On 14 June 1170, Henry's son, Henry the Young King, was crowned junior King of England by the Archbishop of York, which infringed on the right of Becket as Archbishop of Canterbury to crown English monarchs. Although there is no definitive evidence that Foliot assisted in the coronation, it appears likely that he did so. The coronation drove the pope to allow Becket to lay an interdict on England as punishment, and the threat of an interdict forced Henry to negotiate with Becket in July 1170. Becket and the king came to terms on 22 July 1170, allowing the archbishop to return to England, which he did in early December. However, shortly before he landed in England, he excommunicated Roger of York, Josceline of Salisbury, and Foliot.

One possible reason for the excommunications was that the three ecclesiastics had electors from the various vacant bishoprics with them, and were escorting those electors to the king on the continent in order to reward a number of royal clerks with the long vacant bishoprics. Included among those royal clerks were some of Becket's most bitter foes during his exile.

Although Becket offered to absolve Josceline and Foliot, he argued that only the pope could absolve Roger, as he was an archbishop. Roger persuaded the other two to appeal to the king, then in Normandy. When they did so, the royal anger at the timing of the excommunications was such that it led to Henry uttering the question often attributed to him: "Will no one rid me of this turbulent priest?".

This inspired four knights to set off from the king's court in Normandy to Canterbury, where on 29 December 1170, they murdered Becket.

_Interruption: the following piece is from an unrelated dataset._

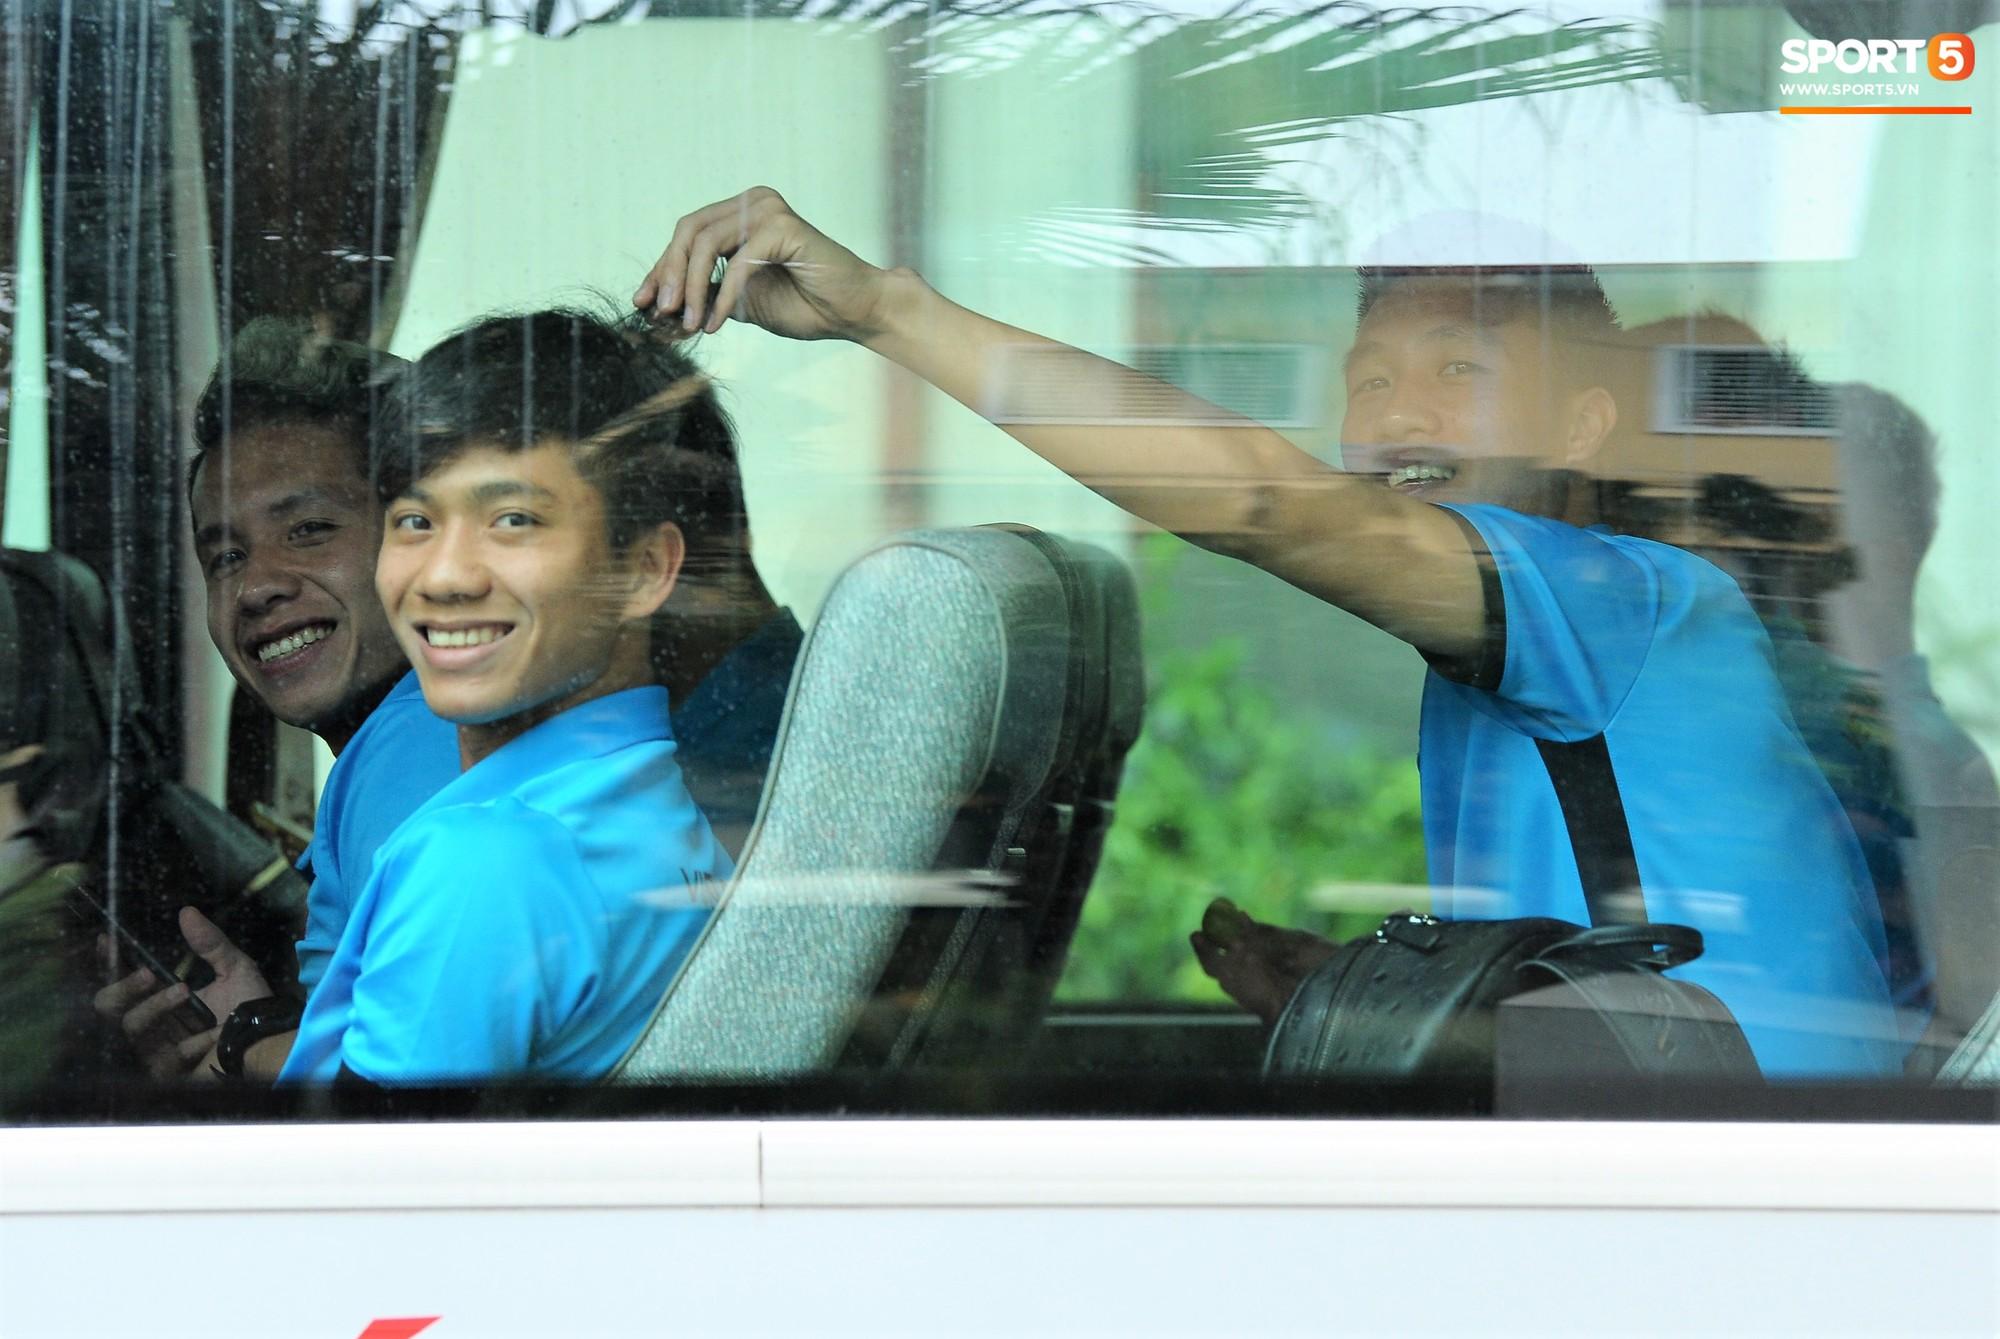 Chung kết AFF Cup 2018: ĐT Việt Nam lên đường sang Malaysia - Ảnh 1.
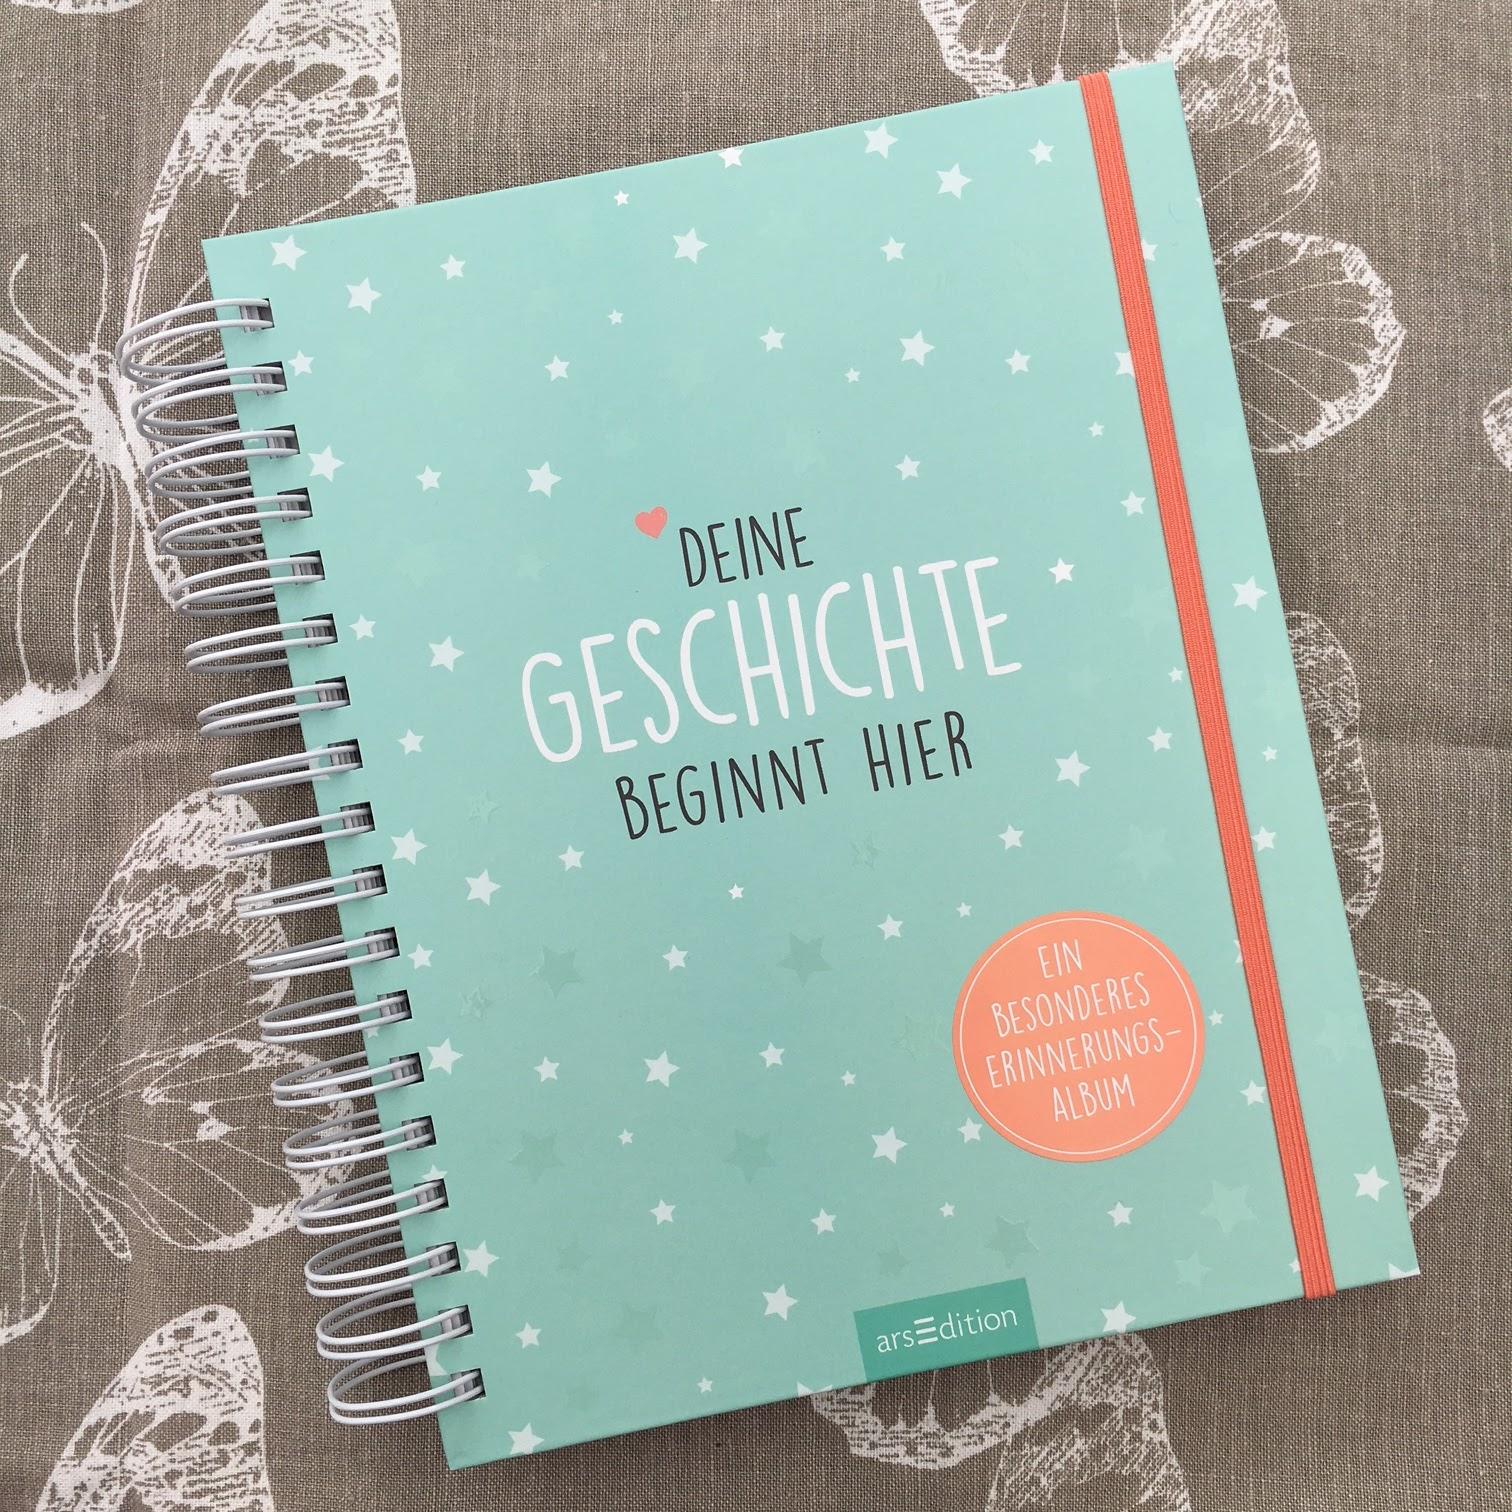 Deine Geschichte beginnt hier Ein Erinnerungsalbum und wundersch/önes Geschenk zur Geburt

==Effects of the dispute==

For the ten years that the dispute ran, Henry was unable to appoint any new bishops in England to replace those who had died. It was only in 1173 that new bishops were finally appointed.

==Aftermath==

In May 1172, Henry negotiated a settlement with the papacy, the Compromise of Avranches, in which the king swore to go on crusade as well as allow appeals to the papacy in Rome. He also agreed to eliminate all customs to which the Church objected. In return, the king managed to secure good relations with the papacy at a time when he faced rebellions from his sons.

After Becket's death, his sentences of excommunication were confirmed, as well as the suspensions from ecclesiastical office. The pope in his confirmation referred to Roger of York, Foliot, and Josceline of Salisbury as the "Gilbertine trinity". The excommunication was absolved for Foliot on 1 August 1171, but he remained suspended from office. He secured his restoration to office on 1 May 1172, after clearing himself of any involvement in Becket's murder.

The king performed a public act of penance on 12 July 1174 at Canterbury, when he publicly confessed his sins, and then allowed each bishop present, including Foliot, to give him five blows from a rod, then each of the 80 monks of Canterbury Cathedral gave the king three blows. The king then offered gifts to Becket's shrine and spent a vigil at Becket's tomb.

==Legacy==

Although little actually changed from the position that Henry took early in the dispute – he was still able to appoint his own choices as bishops, as well as enjoying many of the rights King Henry I had enjoyed in the Church – the controversy was one of a number of similar disputes between the papacy and secular governments in the 12th century.